Thanksgiving Morning

Samain                                                                  Moving Moon

A holiday morning. This one with no pans clanking, oven sending out aromas. Not even the Macy’s parade. I never did connect our HD Comcast service. The HD delivers the basic cable channels we pay for to keep down the cost of the broadband. No Rosebowl later in the day either.

Dining this afternoon at the Capital Grille. Our last Thanksgiving here and we’re sharing it with Anne, Kate’s sister. A cold day, appropriate for the final major holiday of our Minnesota lives.

Holiseason hits its full stride with Thanksgiving. After this the holidays keep coming, up to and through Epiphany on January 6th. So many of them focus on getting.  The twin oxen of capitalism and marketing, goaded as they pull the treasure carts of mercantilism, strain to drag us off center in our lives. That’s why Thanksgiving and its focus on gratitude is so important for us right now.

But. Black Friday. Bleeding into Thanksgiving evening. Bah. Humbug. Marley’s ghost drags his chains around in delight.

As the lights go up, the songs come on the radio, I love the focus on illumination. Enlightenment, you might say, is the reason for the season.

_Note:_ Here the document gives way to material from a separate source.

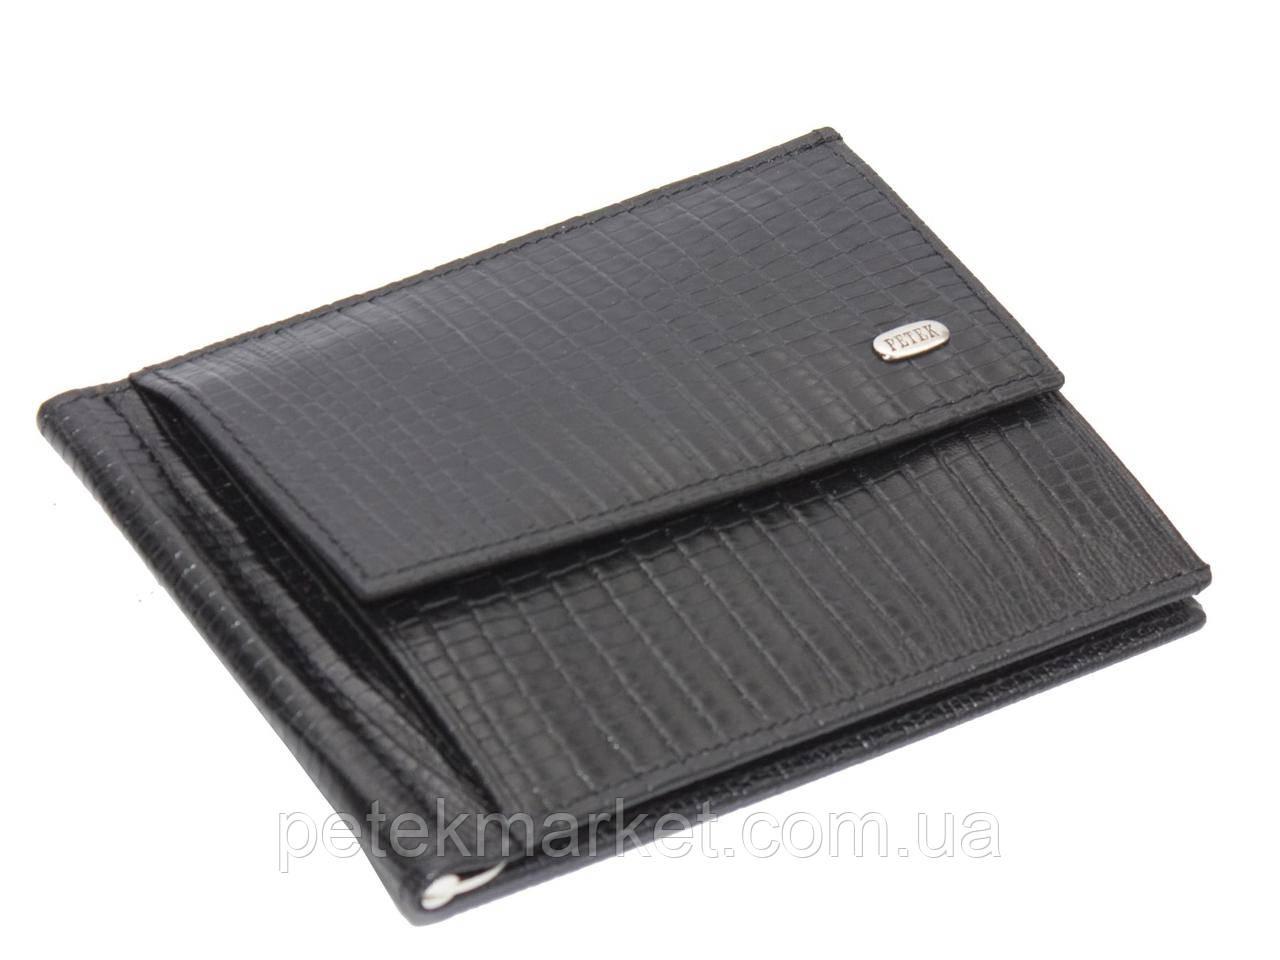 Кожаное мужское портмоне, зажим для купюр Petek 143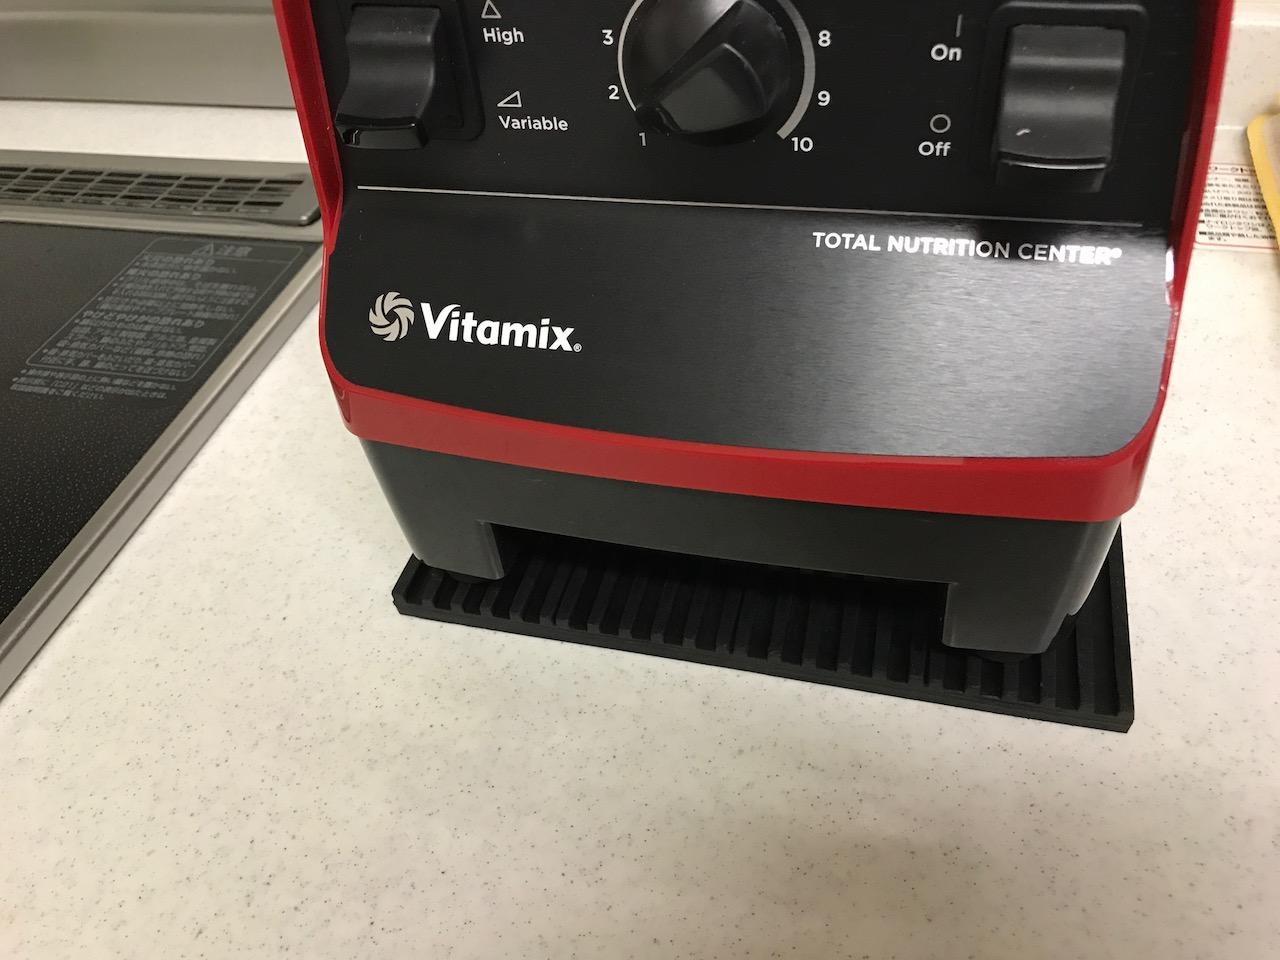 誰でも簡単!バイタミックスVM0111/TNC5200ブレンダーの防音・振動対策!

And yet. I find myself, to quote Robert Frost, “one acquainted with the night.” This is the season of darkness, the approach to the longest night of the year. The dark is fertile, a place of creativity and the nurturing of life before it emerges into the day. Here in Andover and also on Black Mountain Drive the night brings with it silence, a quiet similar to holiday mornings, like the one around me now. I love the blackness and the light. Blessed be.